TRY IT
If any record holds an image, omit the image and print the rest exactly.

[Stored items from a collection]
= = =

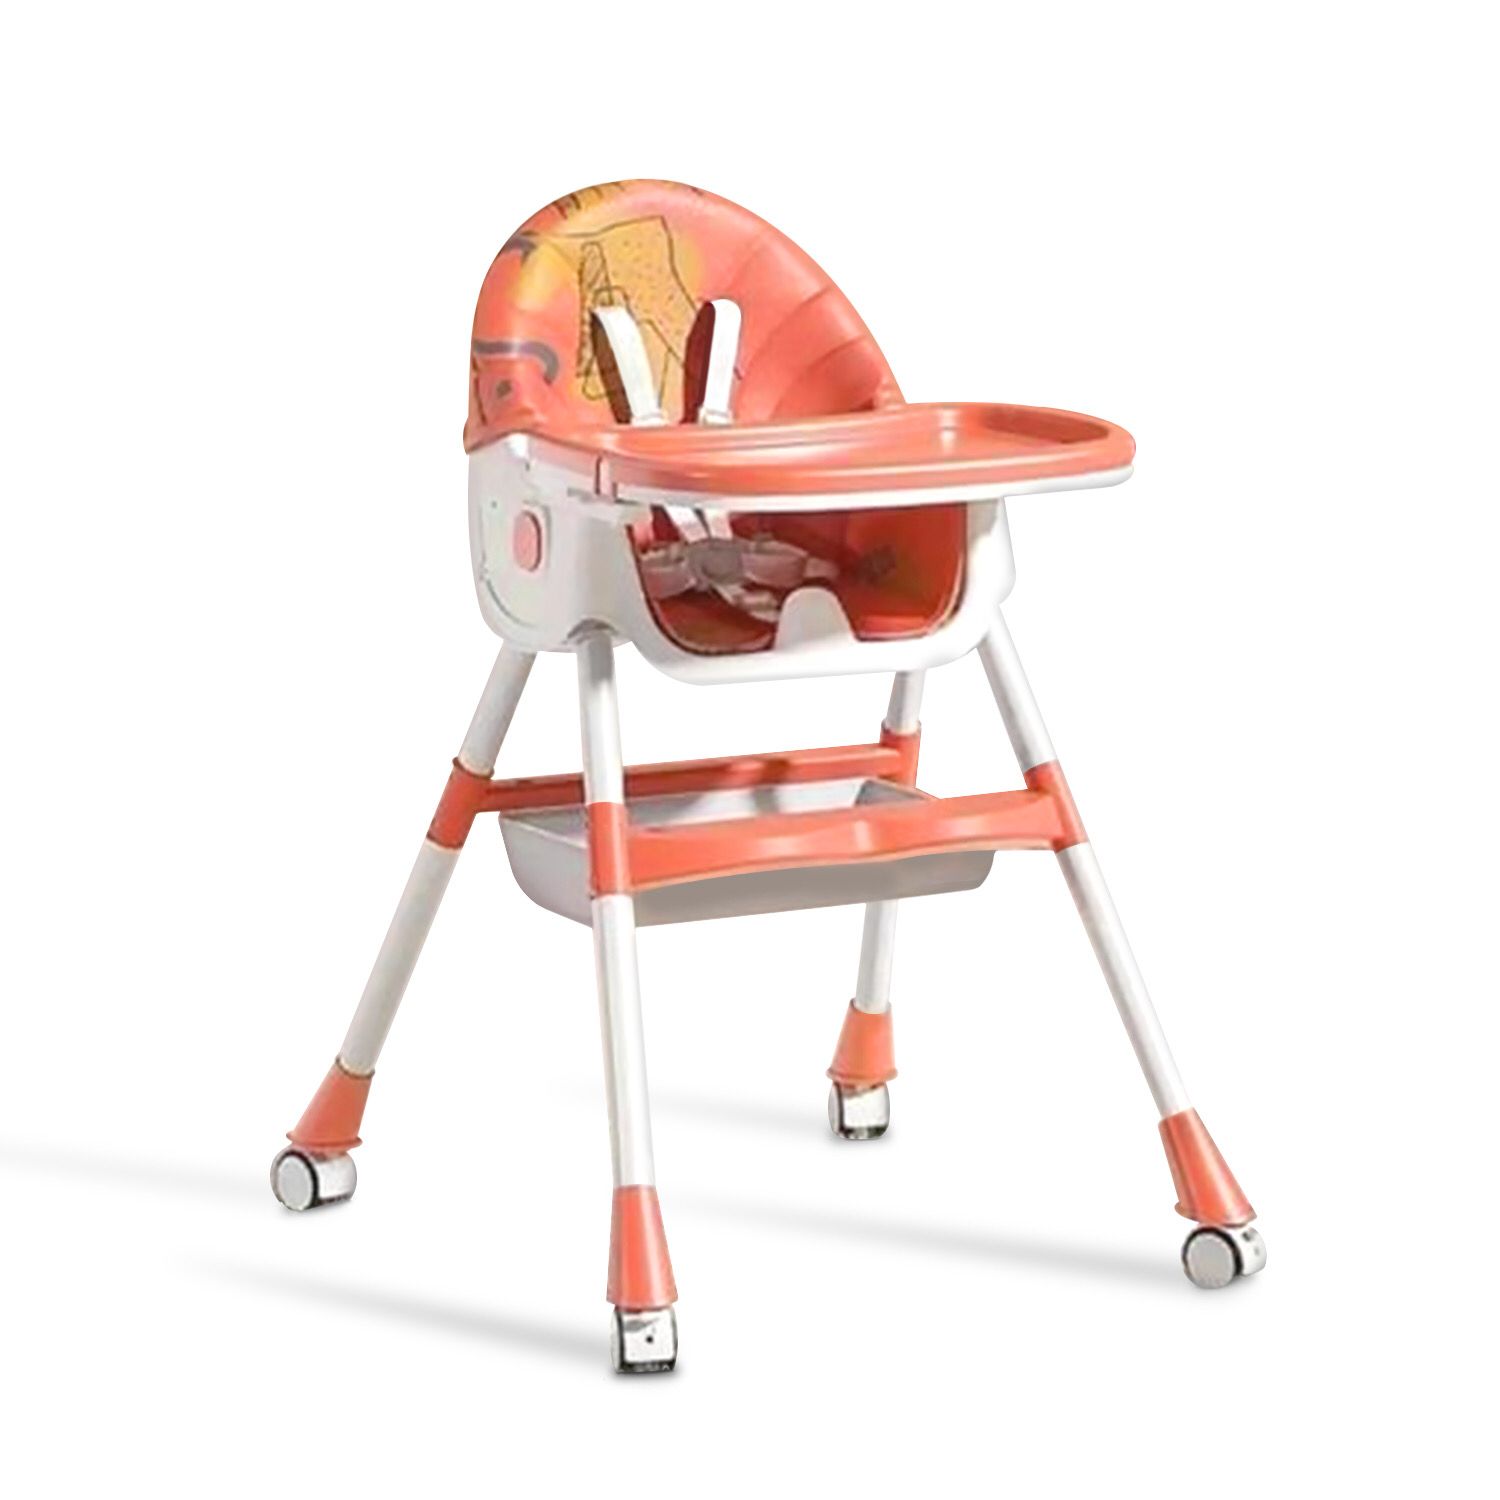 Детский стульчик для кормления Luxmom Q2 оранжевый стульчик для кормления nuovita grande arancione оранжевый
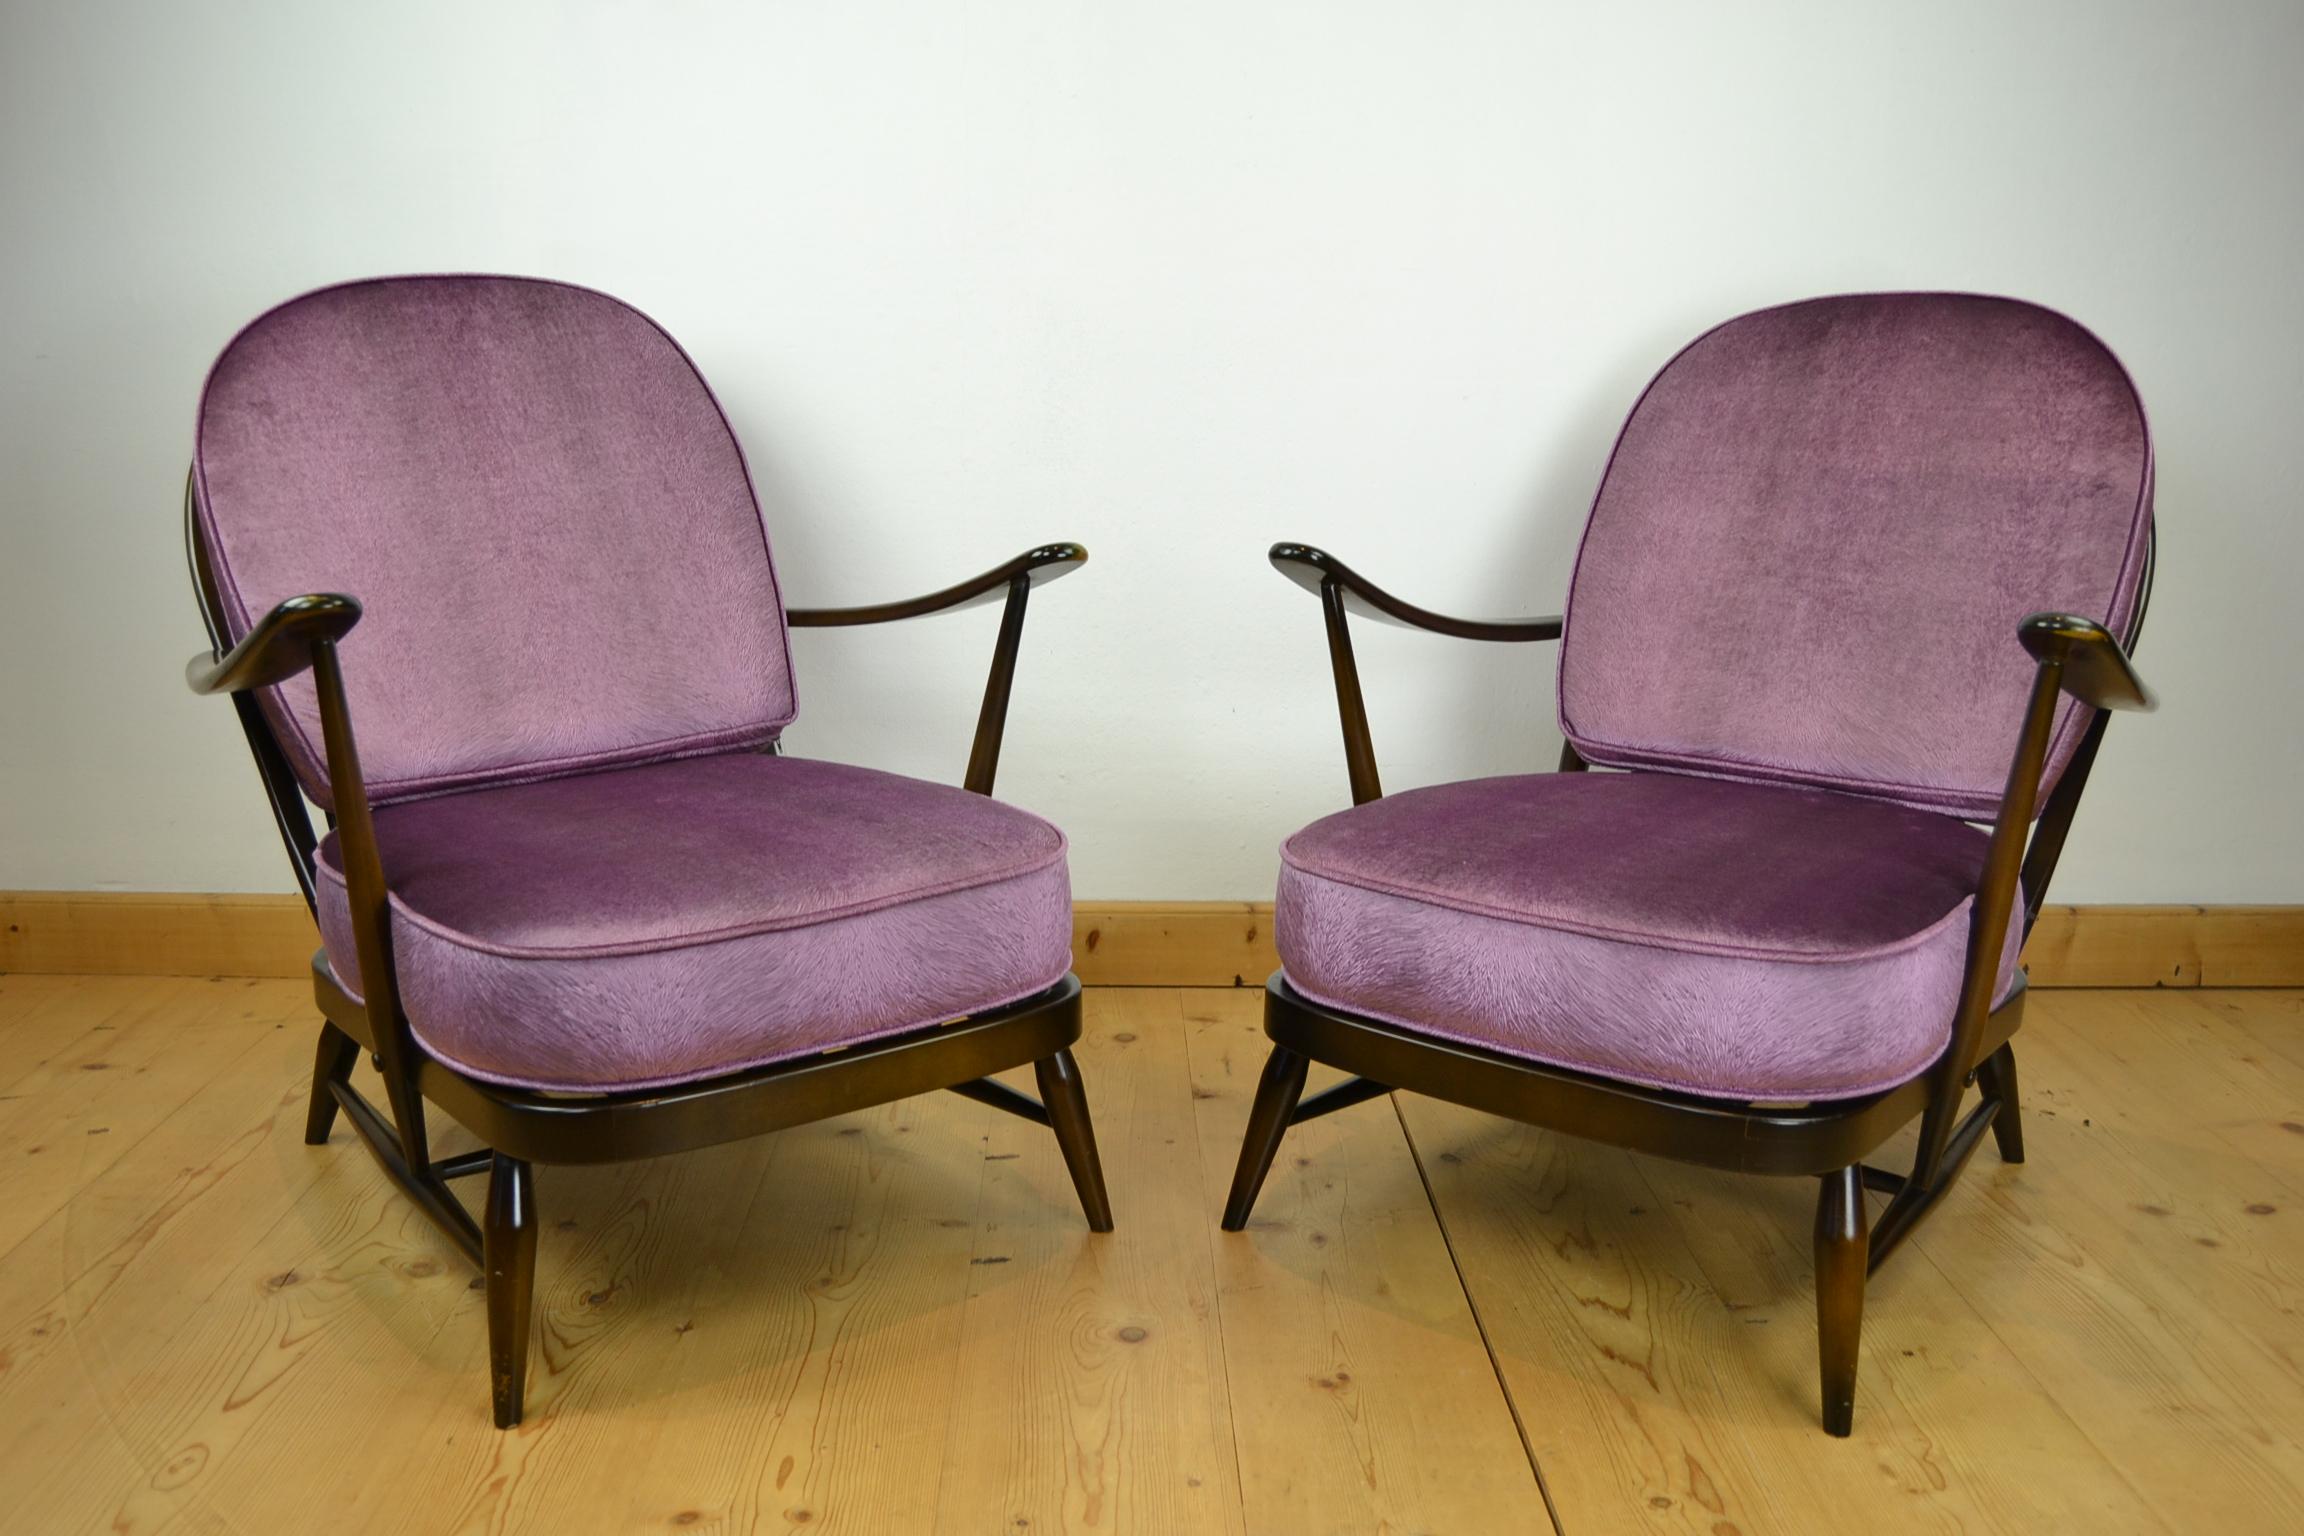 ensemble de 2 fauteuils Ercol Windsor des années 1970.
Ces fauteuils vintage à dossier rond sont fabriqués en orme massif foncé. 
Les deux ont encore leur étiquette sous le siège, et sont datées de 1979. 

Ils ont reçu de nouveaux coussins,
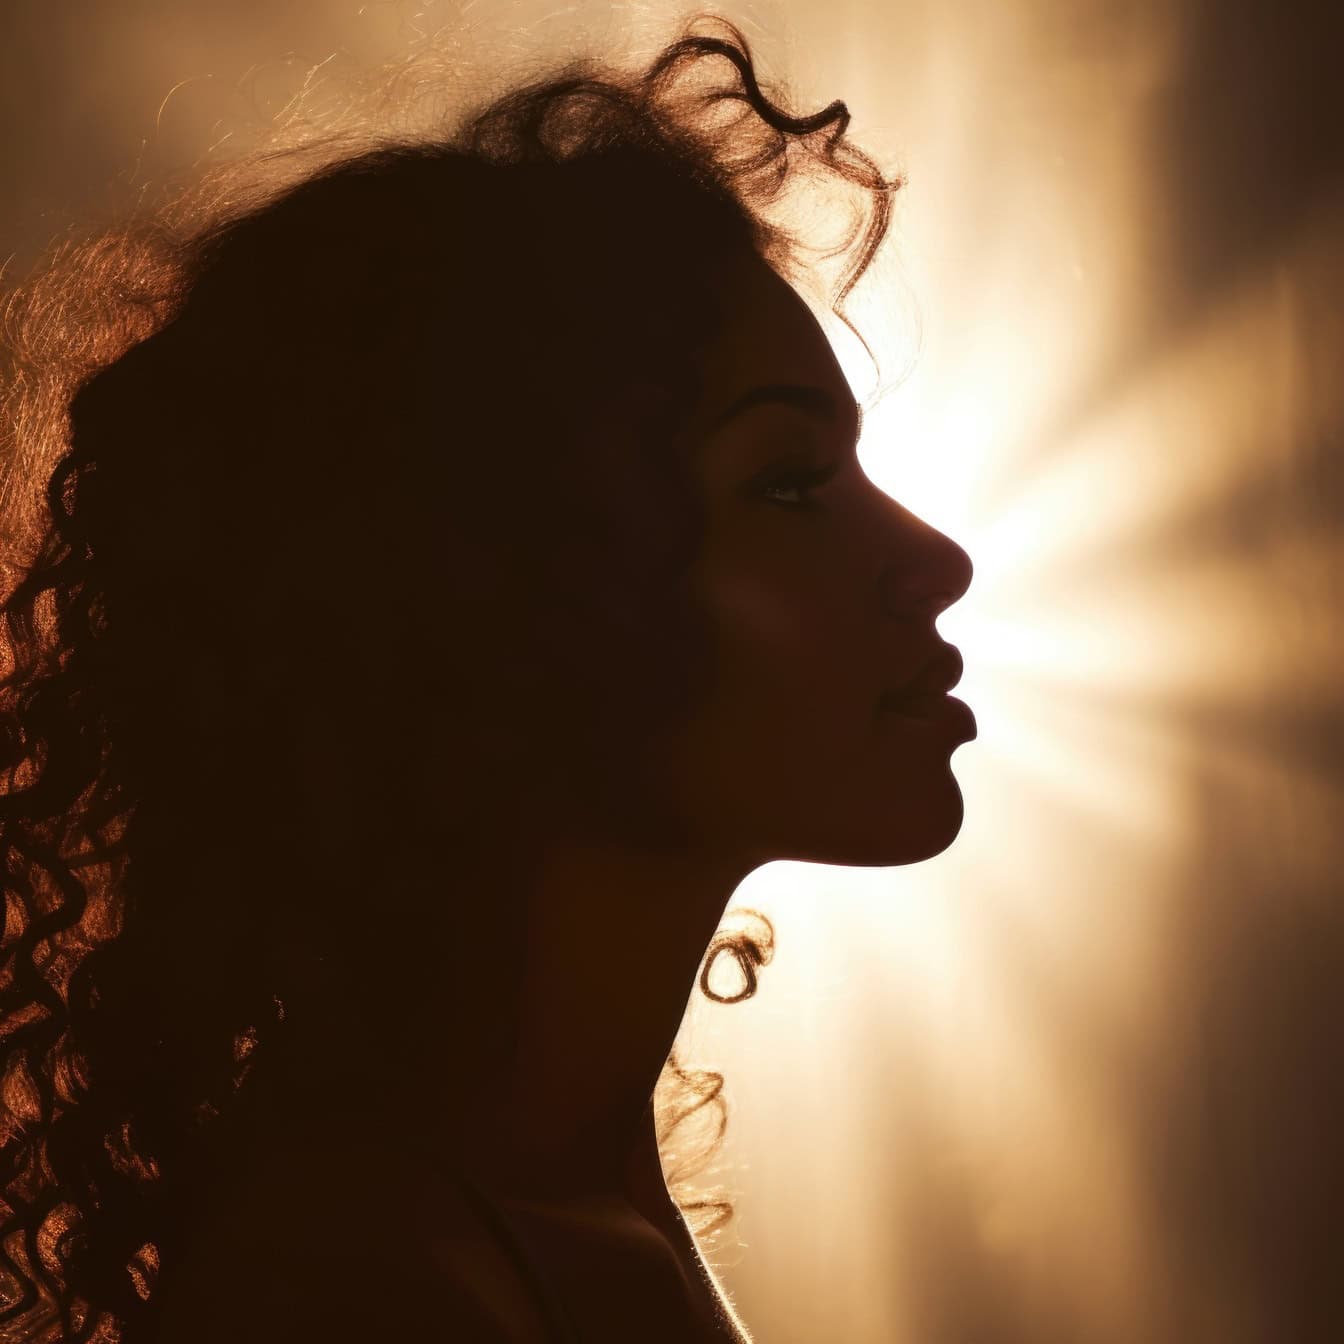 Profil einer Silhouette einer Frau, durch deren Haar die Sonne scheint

= = =

EXERCISE OUTPUT
 Детский стульчик для кормления Luxmom Q2 оранжевый стульчик для кормления nuovita grande arancione оранжевый
 ensemble de 2 fauteuils Ercol Windsor des années 1970.
Ces fauteuils vintage à dossier rond sont fabriqués en orme massif foncé. 
Les deux ont encore leur étiquette sous le siège, et sont datées de 1979. 

Ils ont reçu de nouveaux coussins,
 Profil einer Silhouette einer Frau, durch deren Haar die Sonne scheint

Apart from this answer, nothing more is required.